Excluding any images, copy all of the lines below precisely as written.

==== Information provided

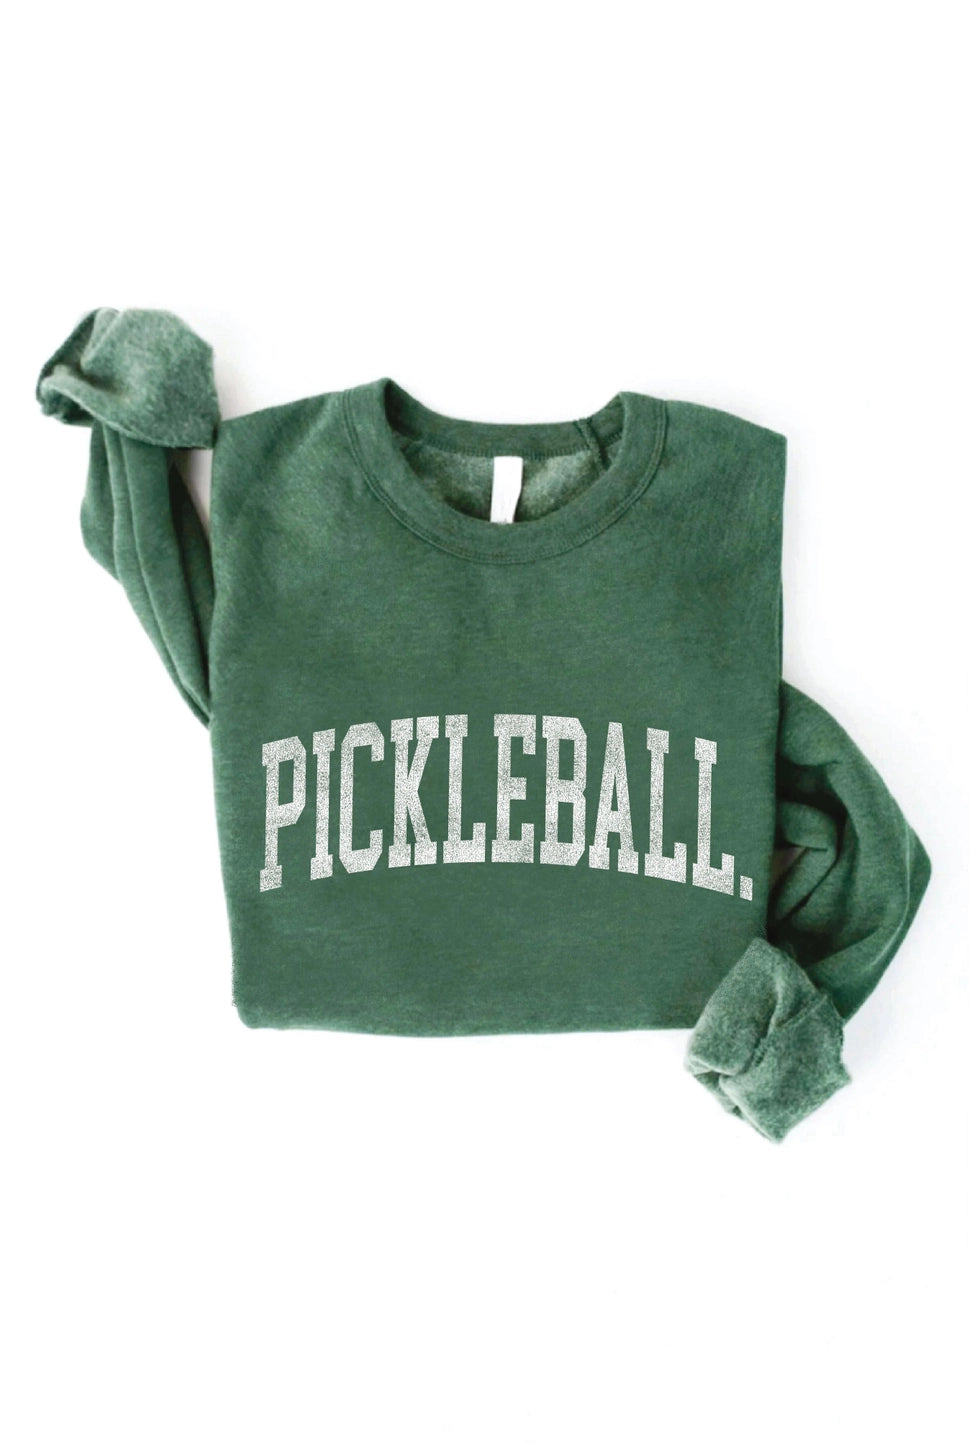 Pickleball Graphic Sweatshirt in Heather Forest
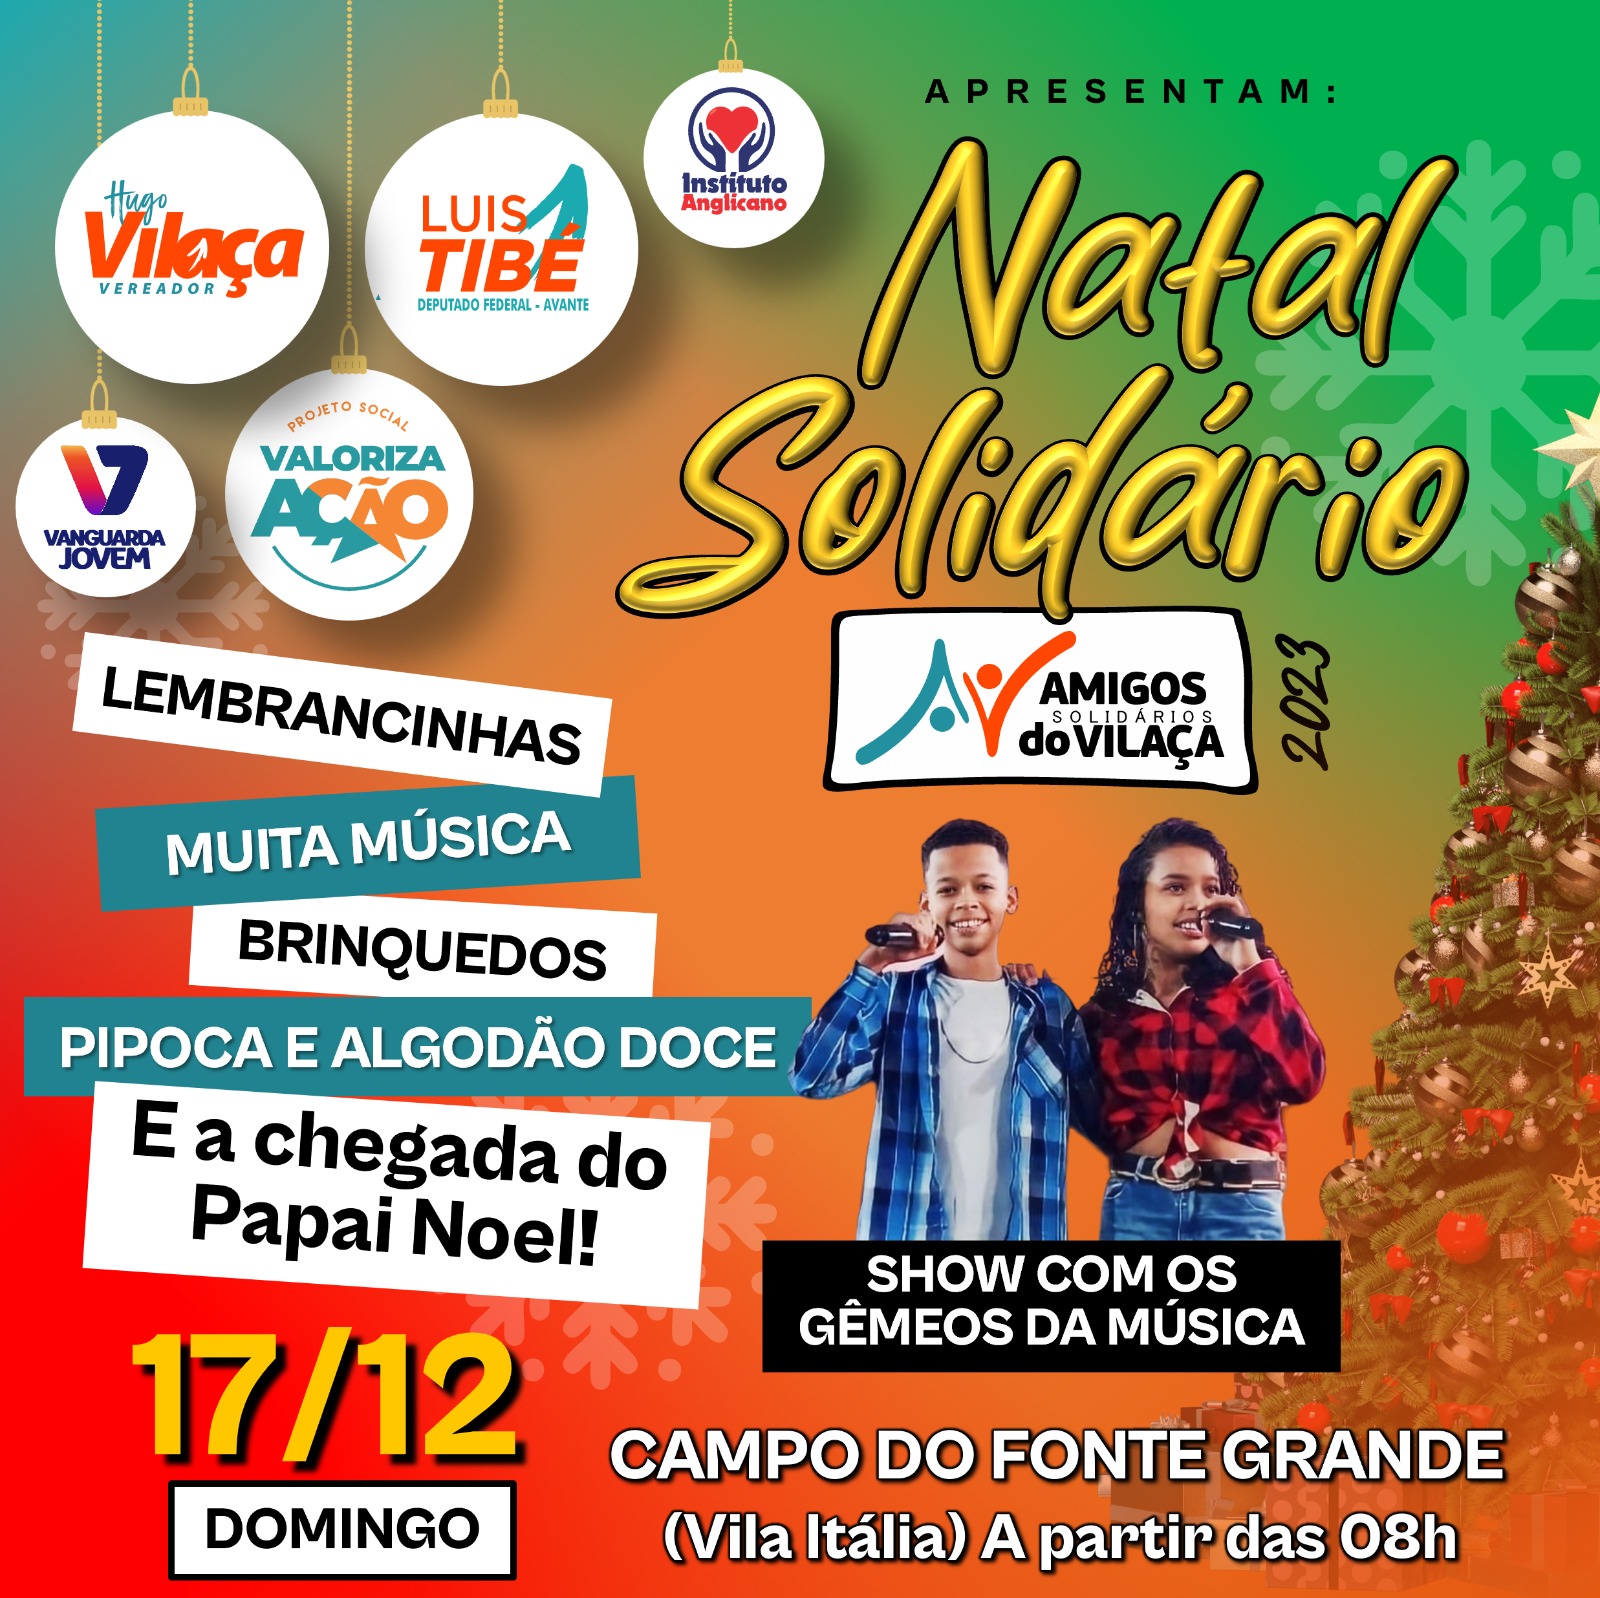 Natal Solidário Amigos do Vilaça na Vila Itália é domingo (17/12)
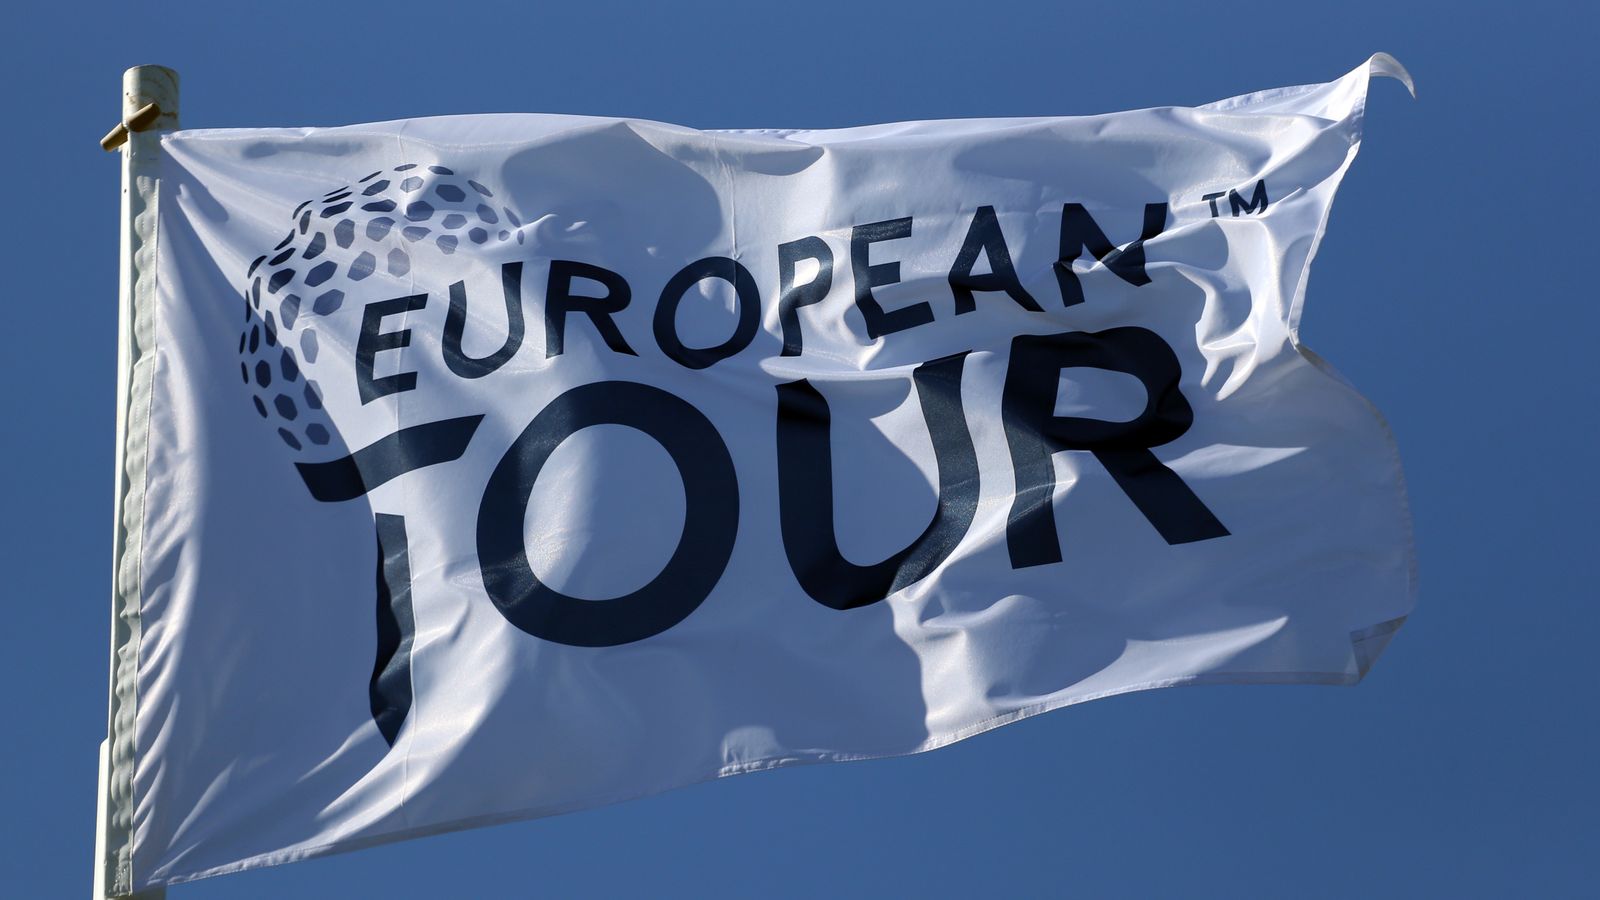 european tour tour golf

========

**Response below**
 Pickleball Graphic Sweatshirt in Heather Forest
 Natal Solidário Amigos do Vilaça na Vila Itália é domingo (17/12)
 european tour tour golf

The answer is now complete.